> [DATA SHOWN]:

··········

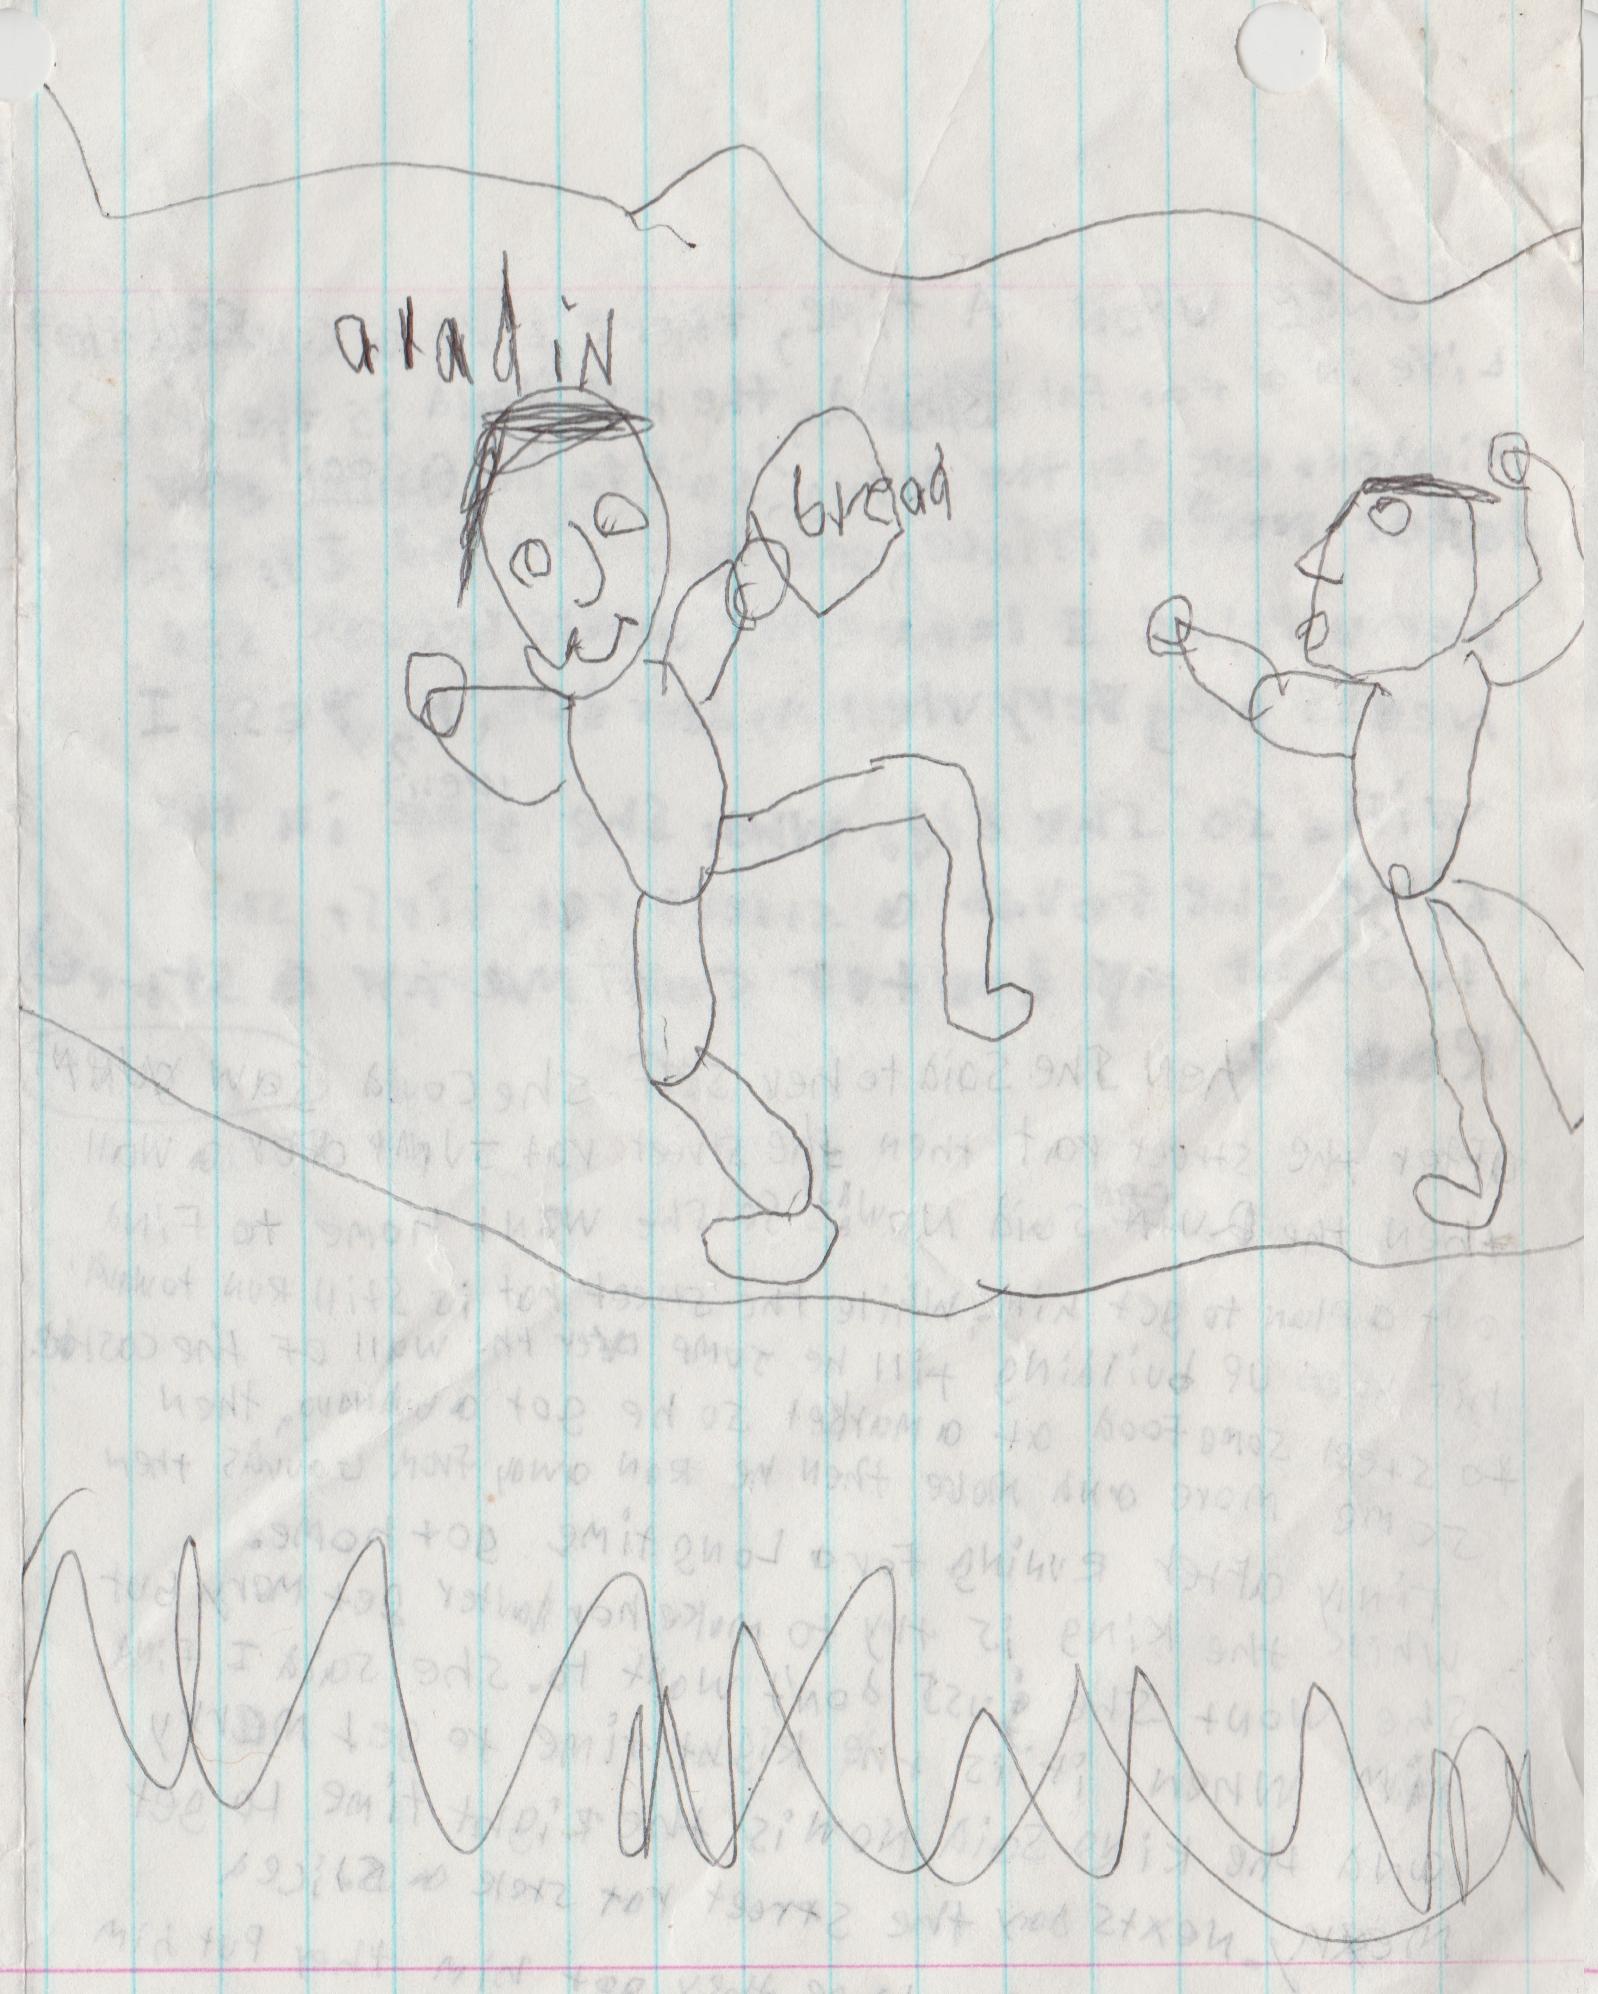 1995 maybe - Aladin Jasmin Queen Rat King Merry Story 03.jpg
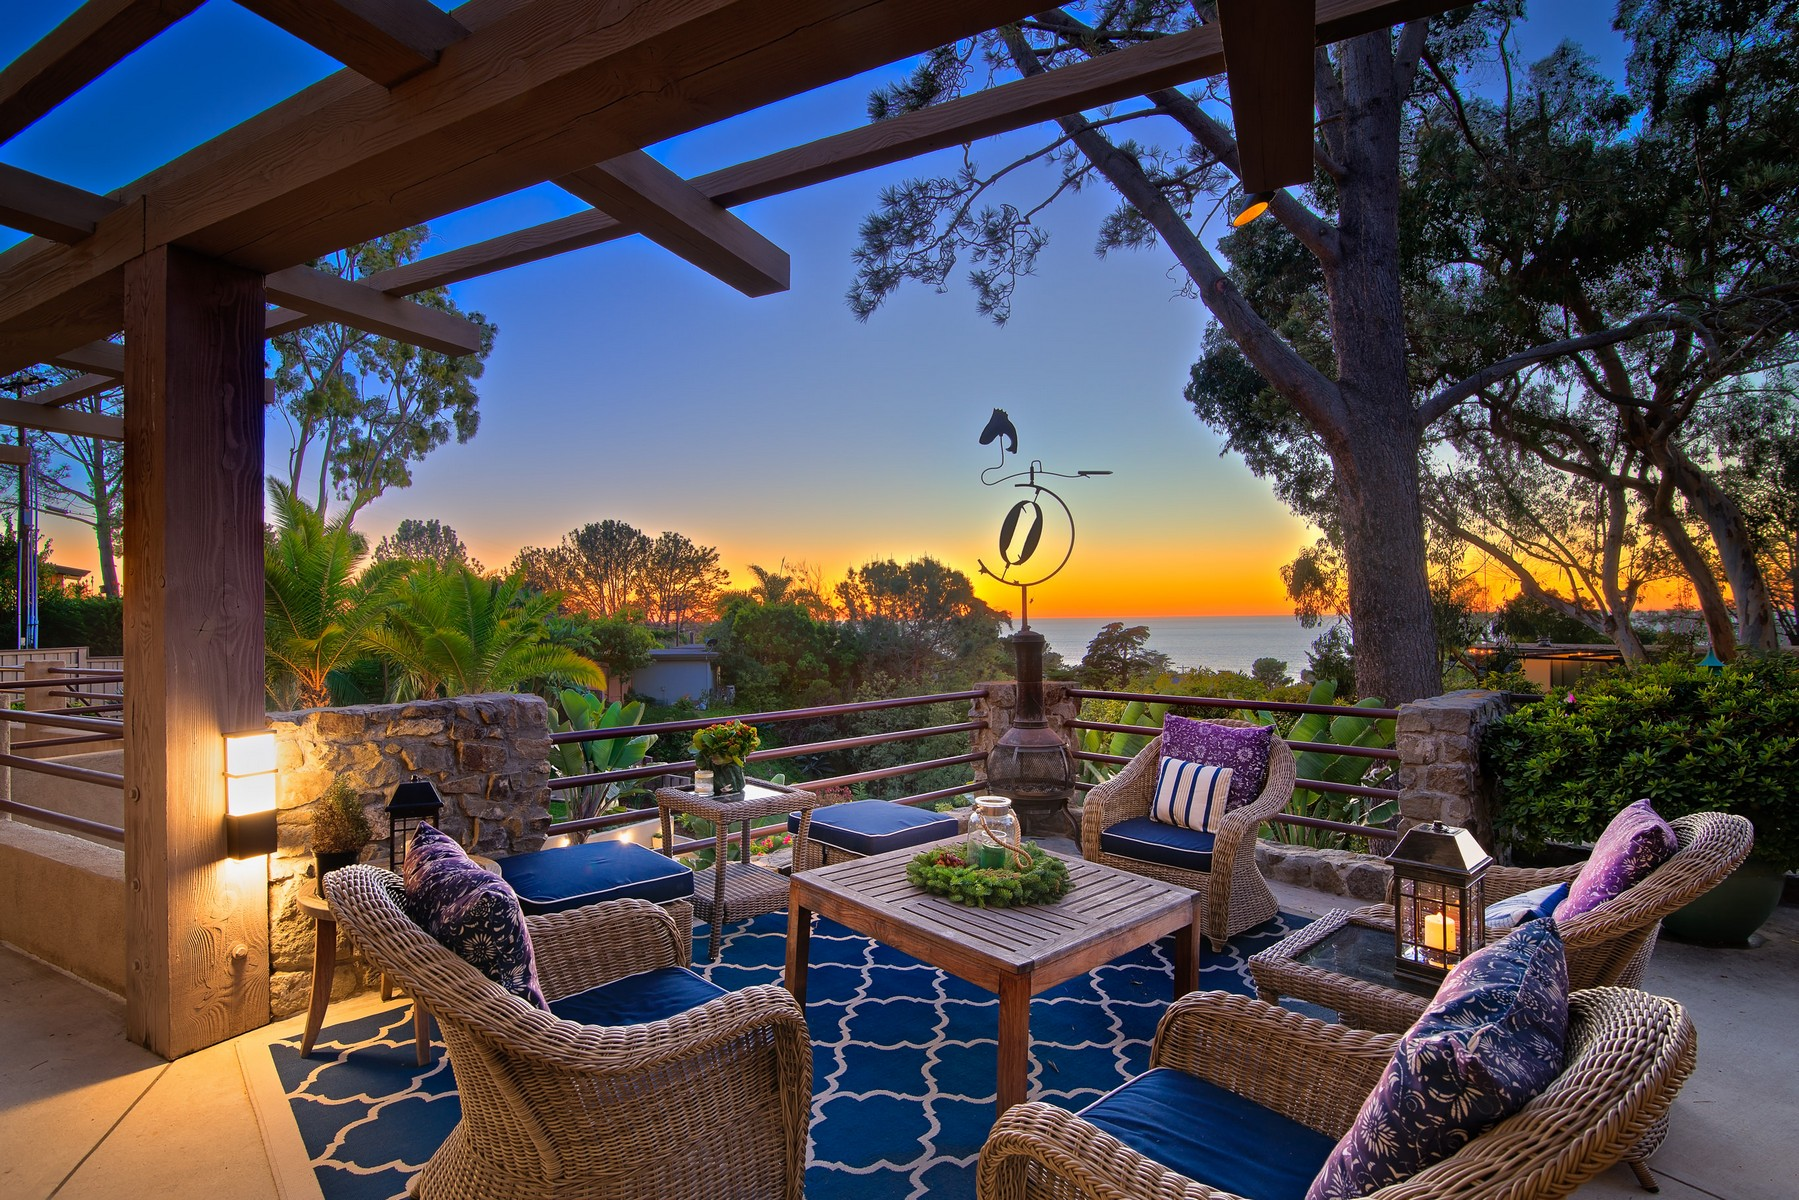 Single Family Home for Sale at 645 Amphitheatre Drive Del Mar, California, 92014 United States
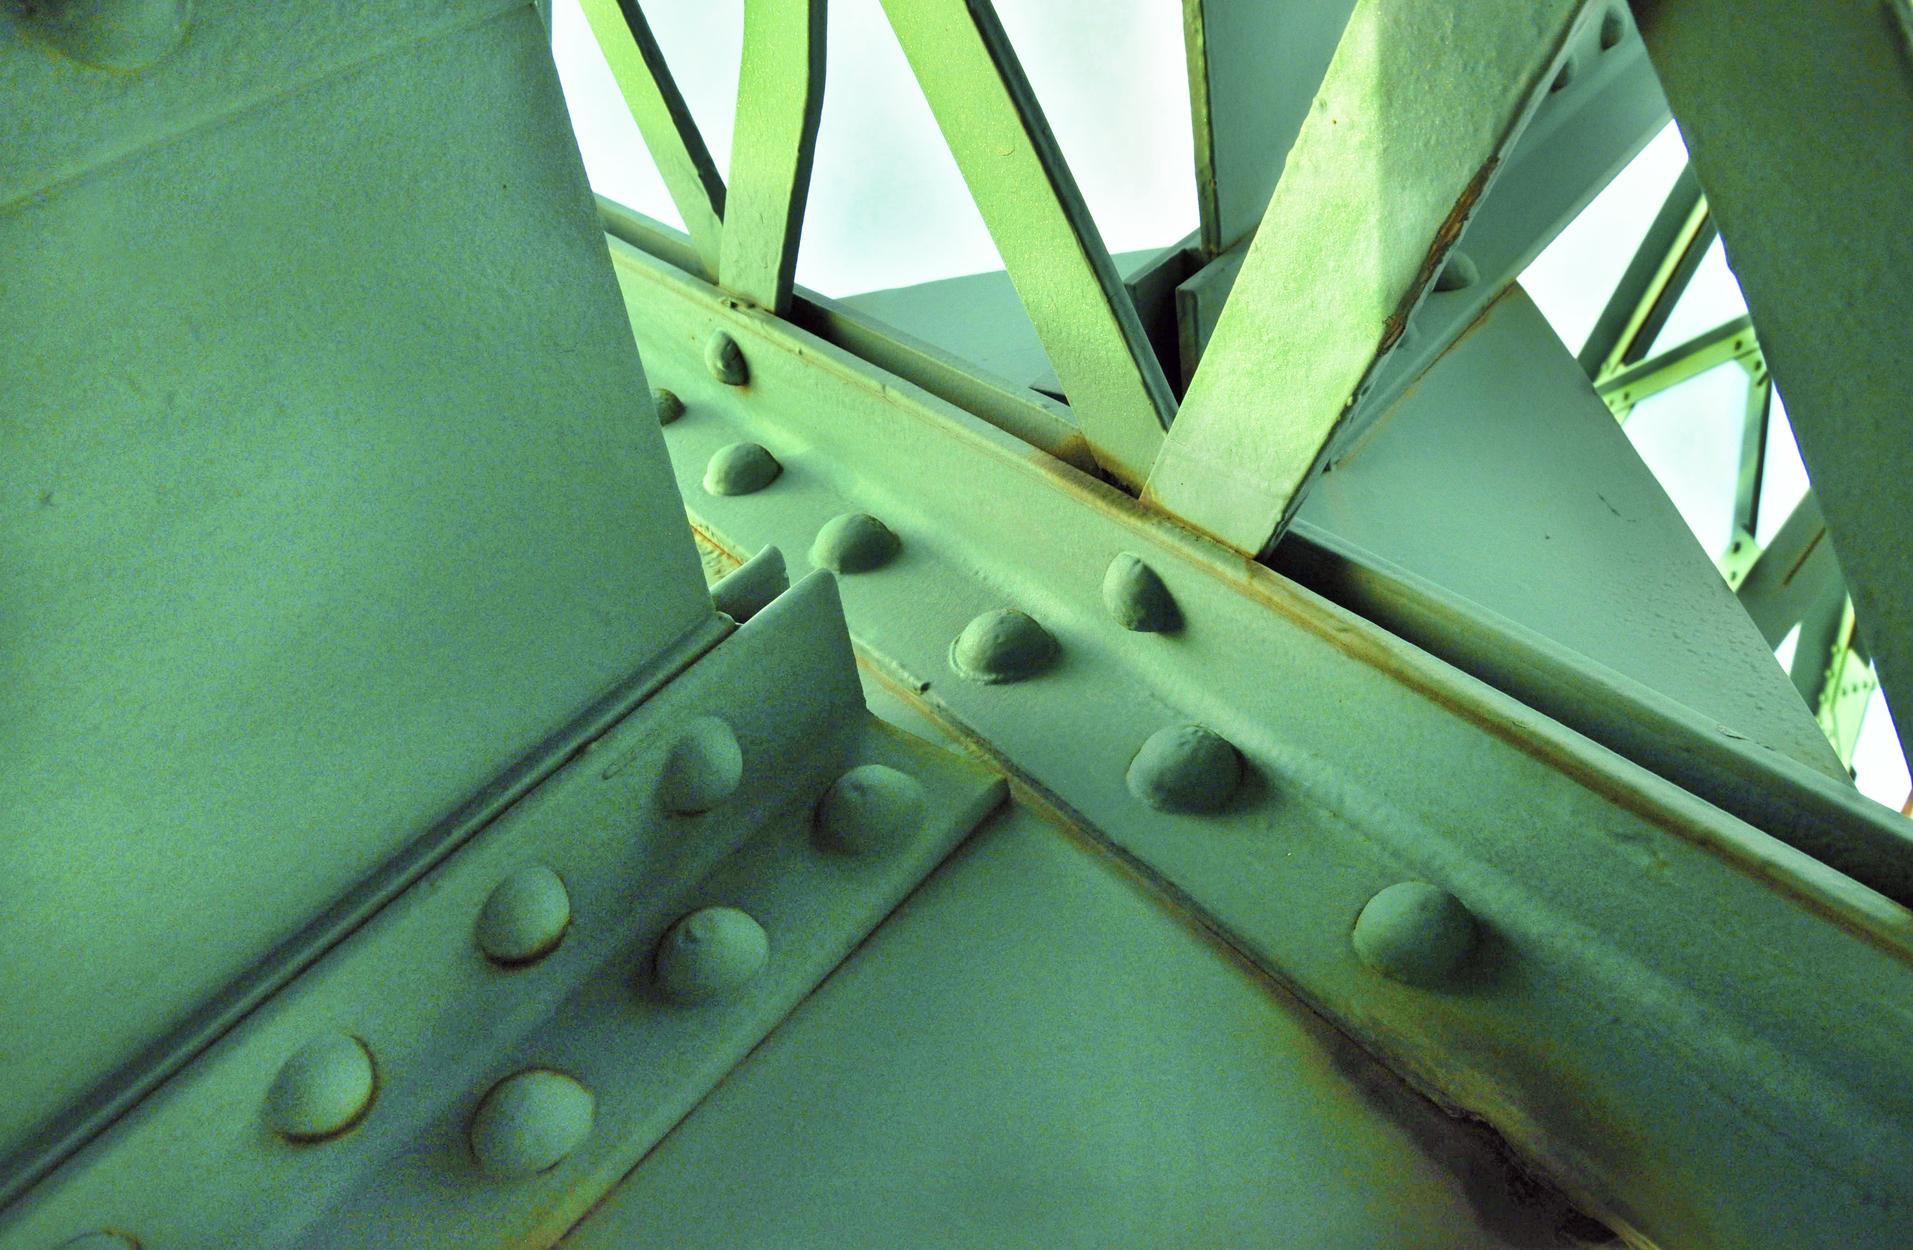 Angles Above Artwork by Leslie Jordan

··········

> [EXERCISE AIM]: Before you return the listing, strip out its pictures; all else must match exactly.

> [ANSWER BOX]:
 1995 maybe - Aladin Jasmin Queen Rat King Merry Story 03.jpg
 Single Family Home for Sale at 645 Amphitheatre Drive Del Mar, California, 92014 United States
 Angles Above Artwork by Leslie Jordan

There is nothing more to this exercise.